Content starts

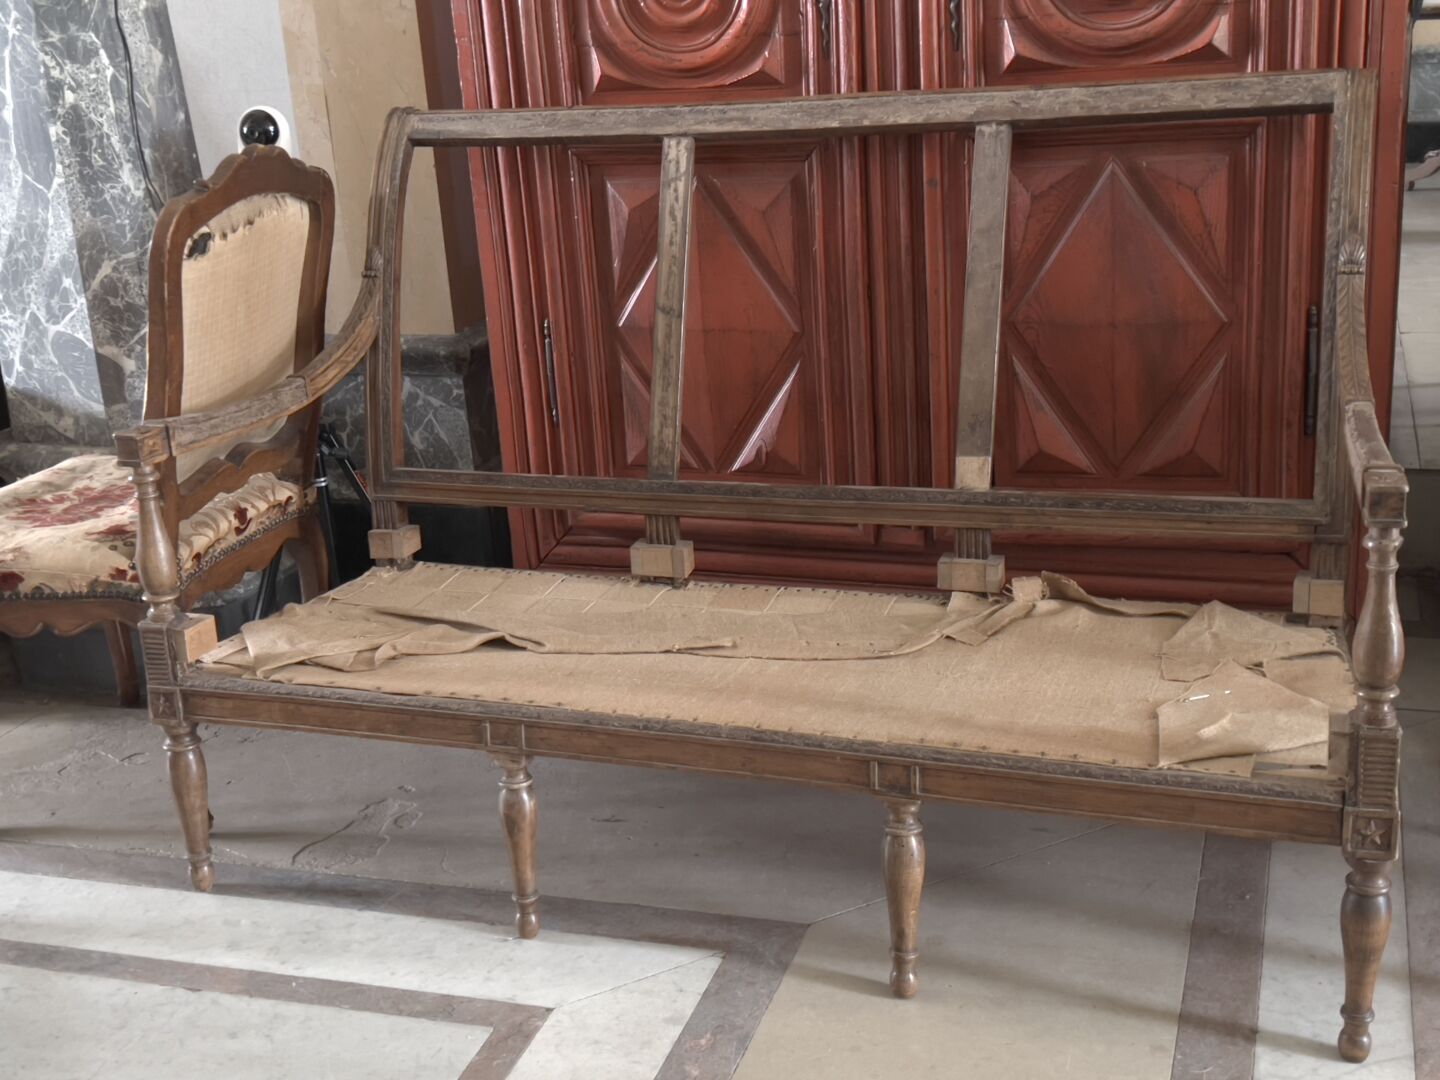 Null Directoire风格的模制和雕刻的木制沙发。

有一个反转的靠背，栏杆式扶手，它靠在栏杆式的脚上，前面是环，后面是马刀。 

装饰有星星和棕榈花
&hellip;
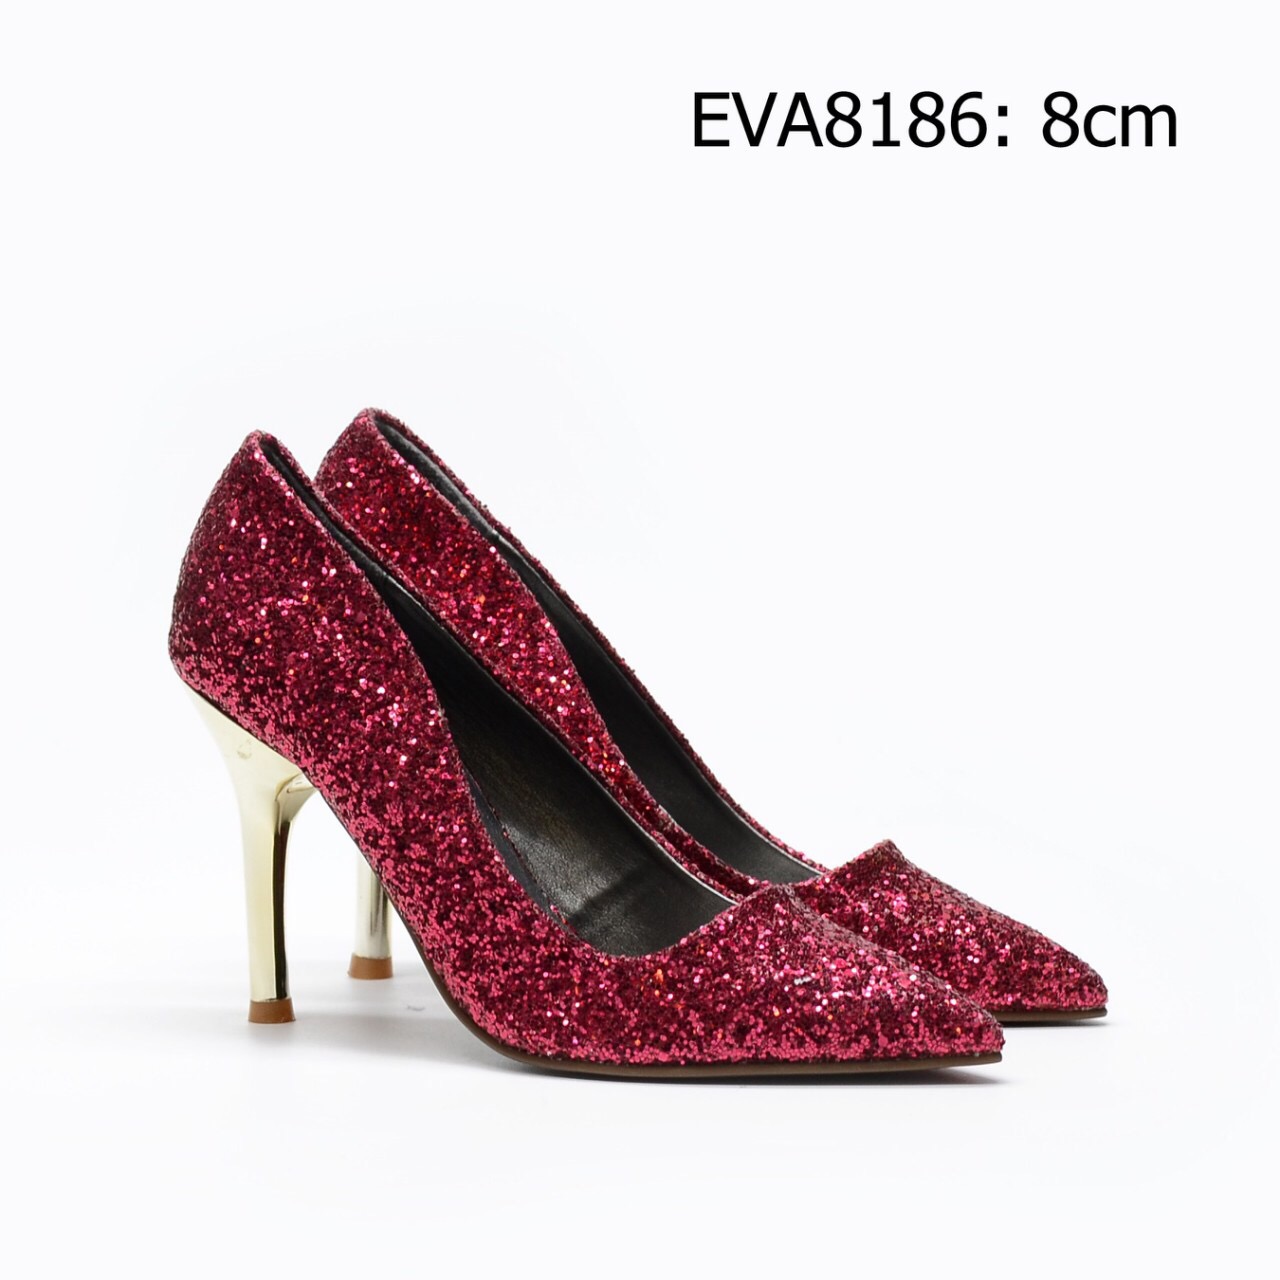 Giày cao gót ánh kim EVA8186 thiết kế tinh tế tạo nét đẹp thanh thoát

Content ends

• GOAL OF THE EXERCISE
The answer is the full listing above, reproduced character for character, minus its images.

• EXPECTED ANSWER
 Null Directoire风格的模制和雕刻的木制沙发。

有一个反转的靠背，栏杆式扶手，它靠在栏杆式的脚上，前面是环，后面是马刀。 

装饰有星星和棕榈花
&hellip;
 Giày cao gót ánh kim EVA8186 thiết kế tinh tế tạo nét đẹp thanh thoát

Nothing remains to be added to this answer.